■ **Data segment**:
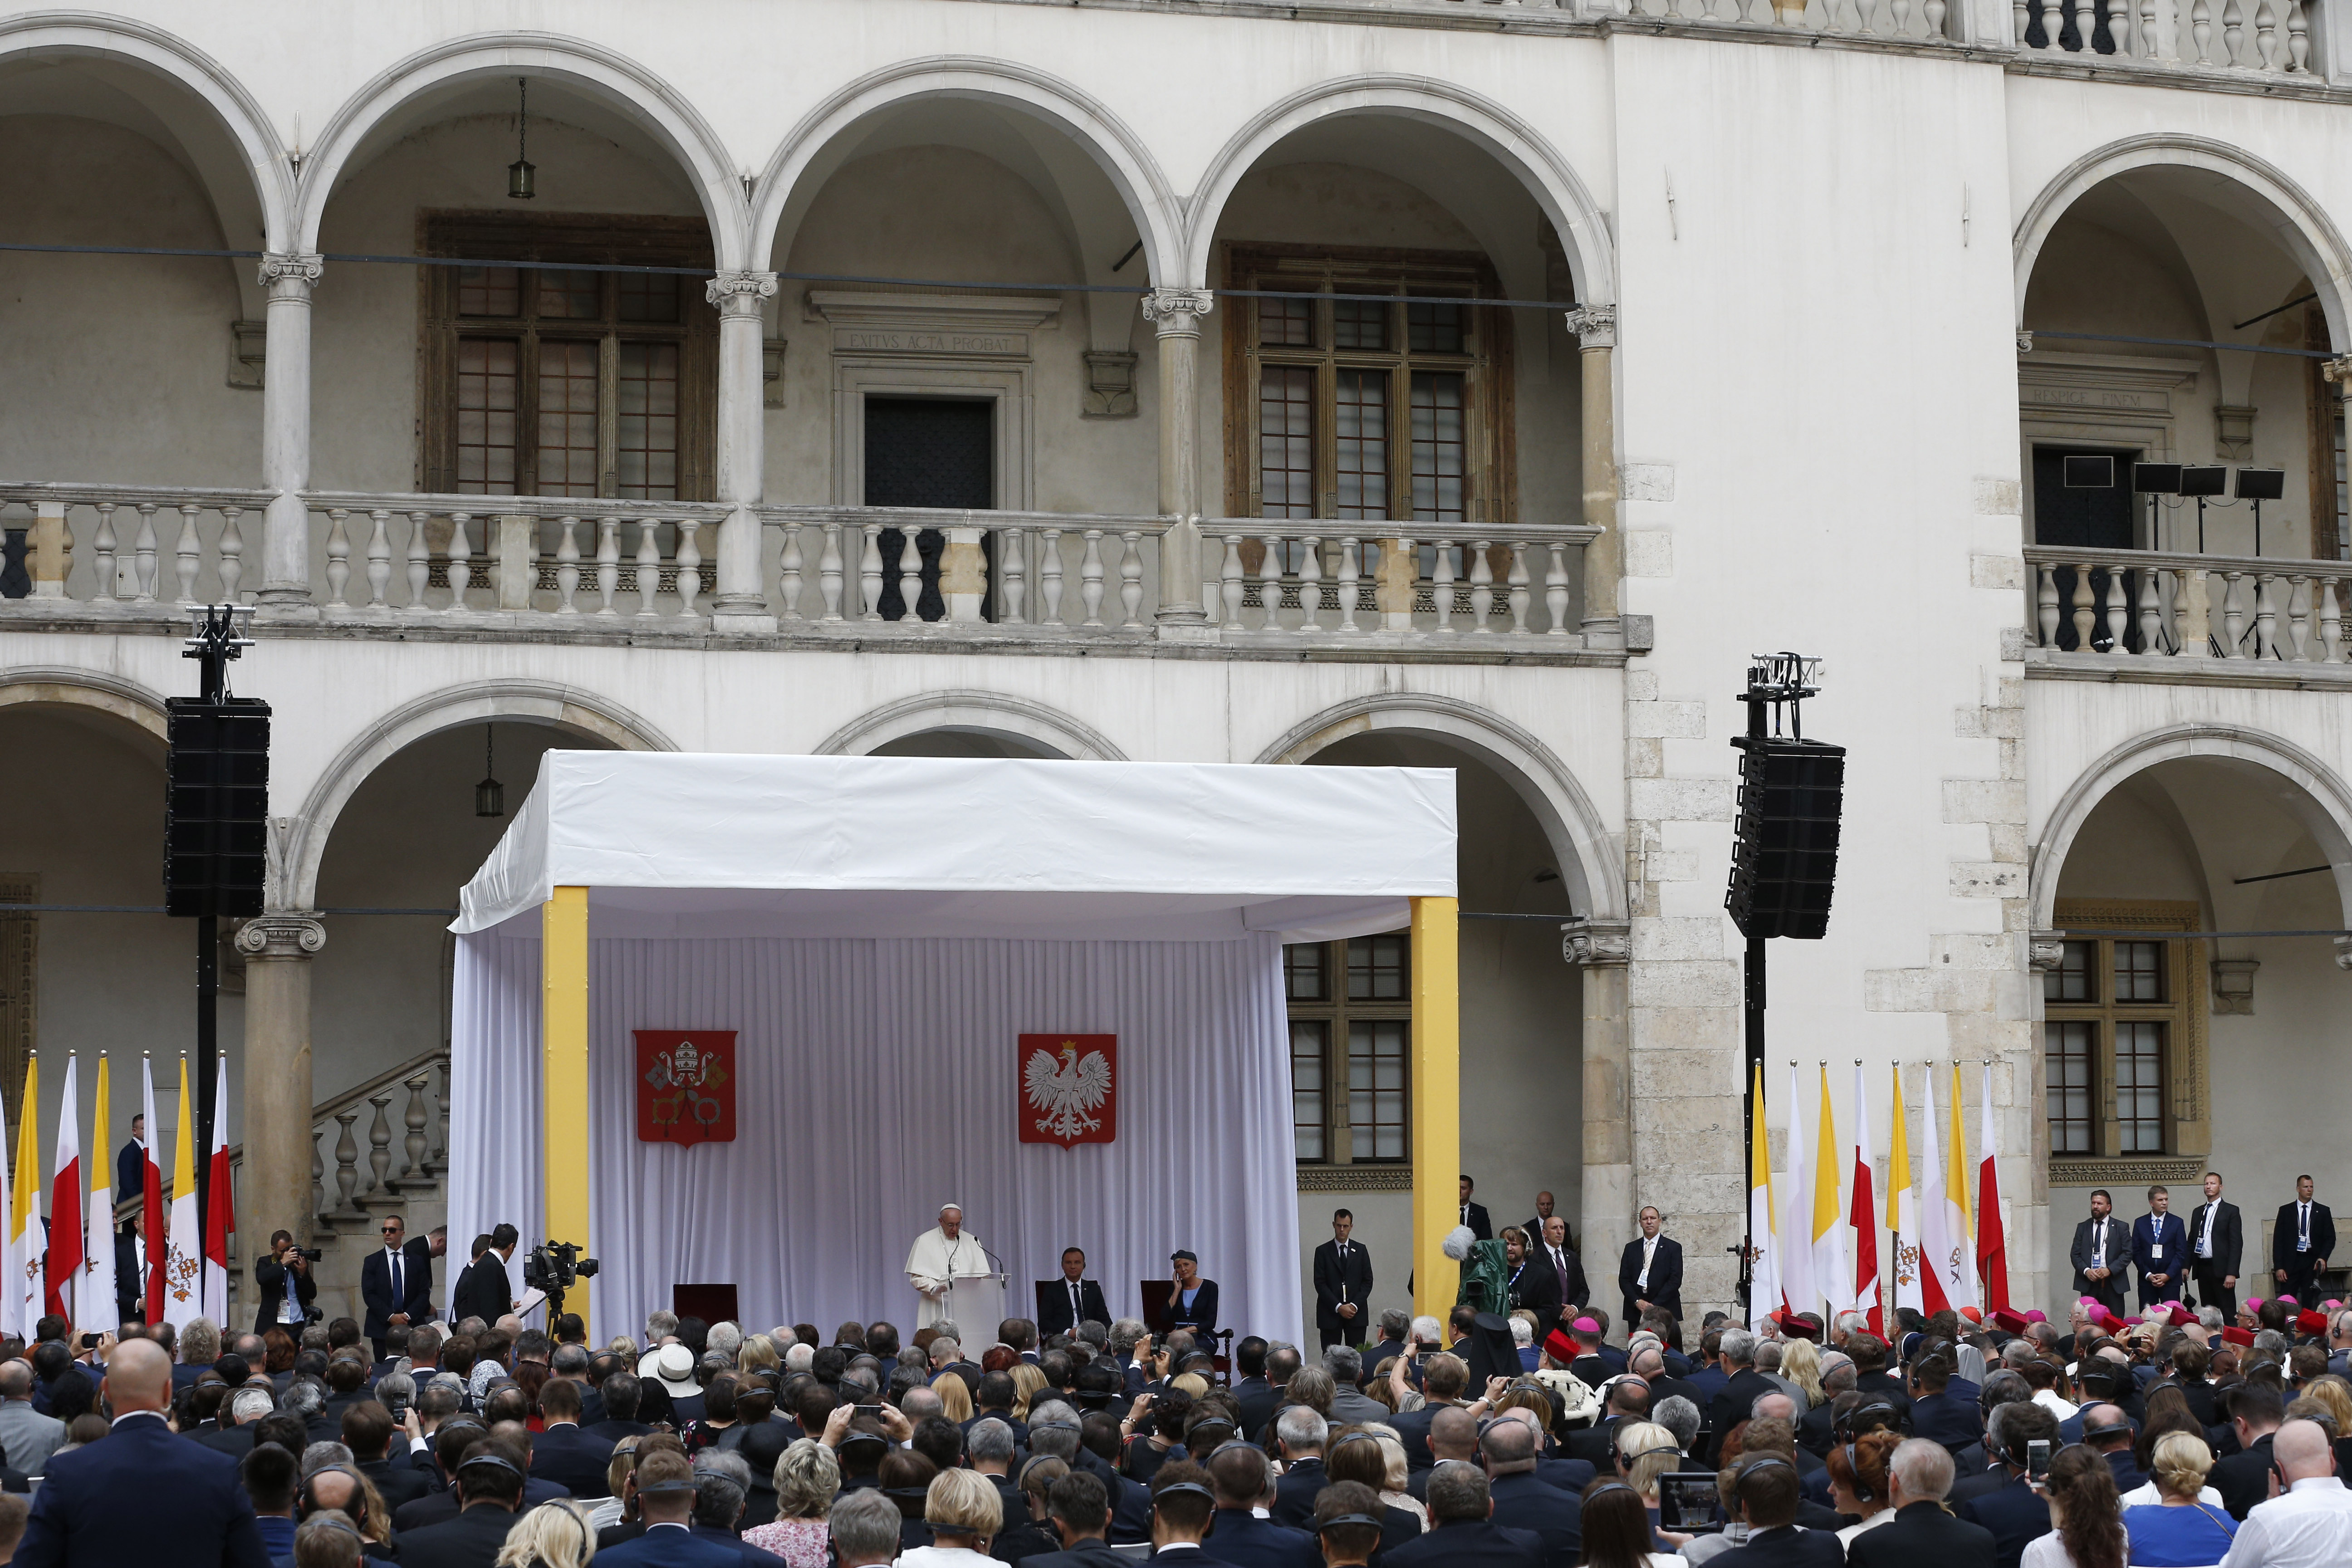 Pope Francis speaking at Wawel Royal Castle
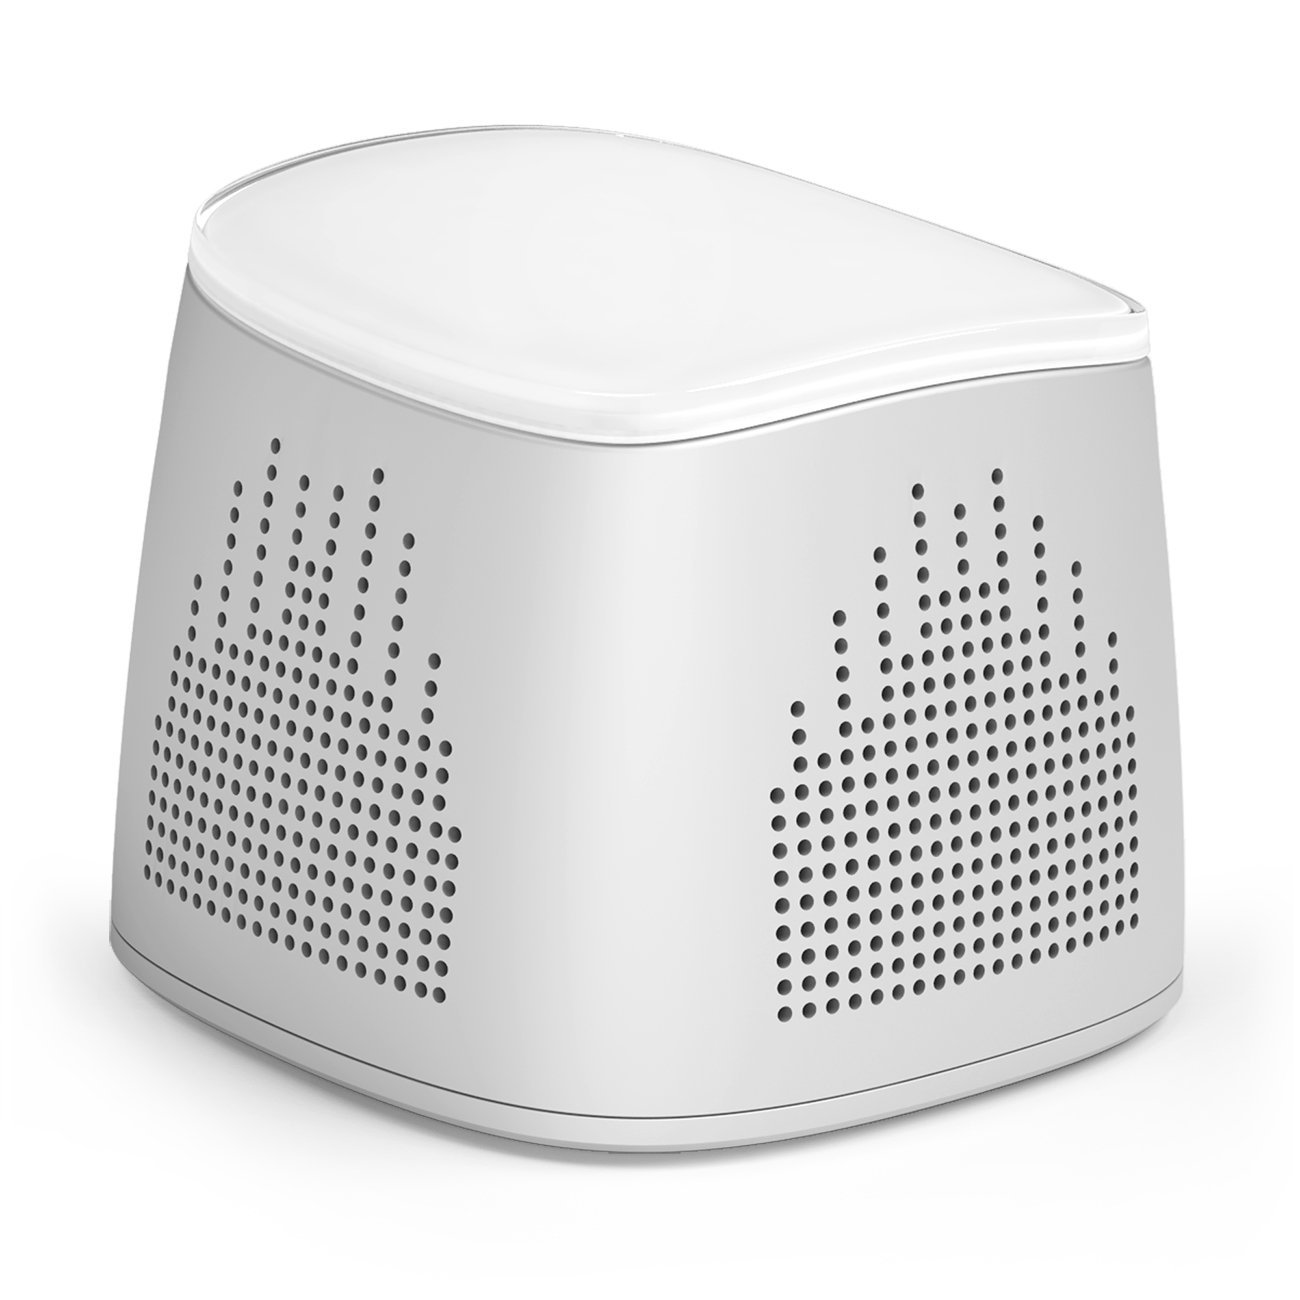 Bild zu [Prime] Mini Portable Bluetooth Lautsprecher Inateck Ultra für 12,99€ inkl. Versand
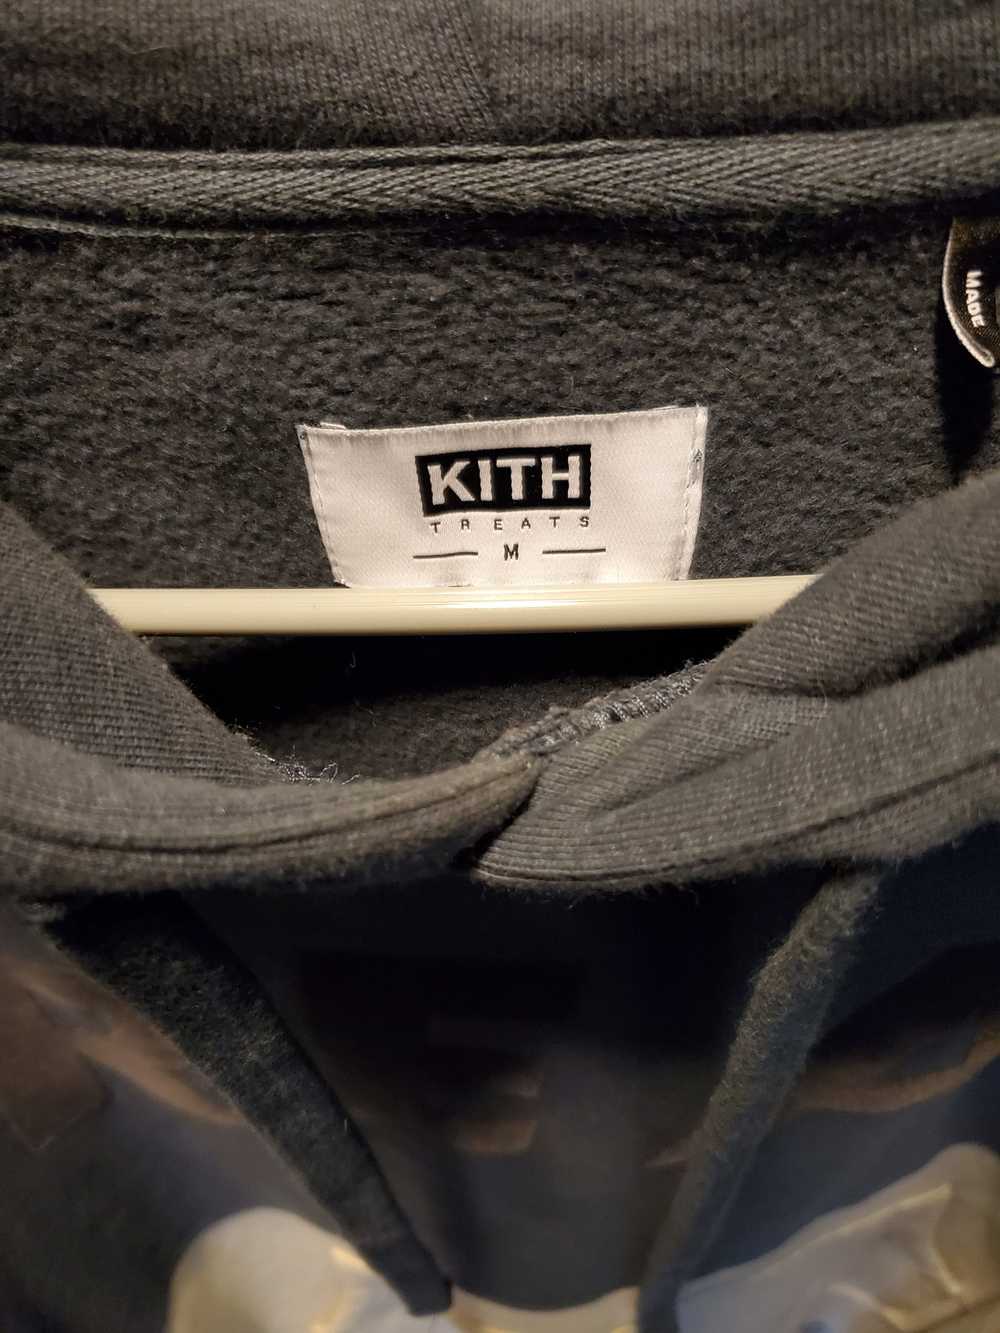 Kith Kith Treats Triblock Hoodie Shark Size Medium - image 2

■ **Required action**: Copy nothing but the lines above from the one with "Bild zu [Prime]" through the end of the material, word for word, and drop the pictures.

■ **Solution**:
 Bild zu [Prime] Mini Portable Bluetooth Lautsprecher Inateck Ultra für 12,99€ inkl. Versand
 Kith Kith Treats Triblock Hoodie Shark Size Medium - image 2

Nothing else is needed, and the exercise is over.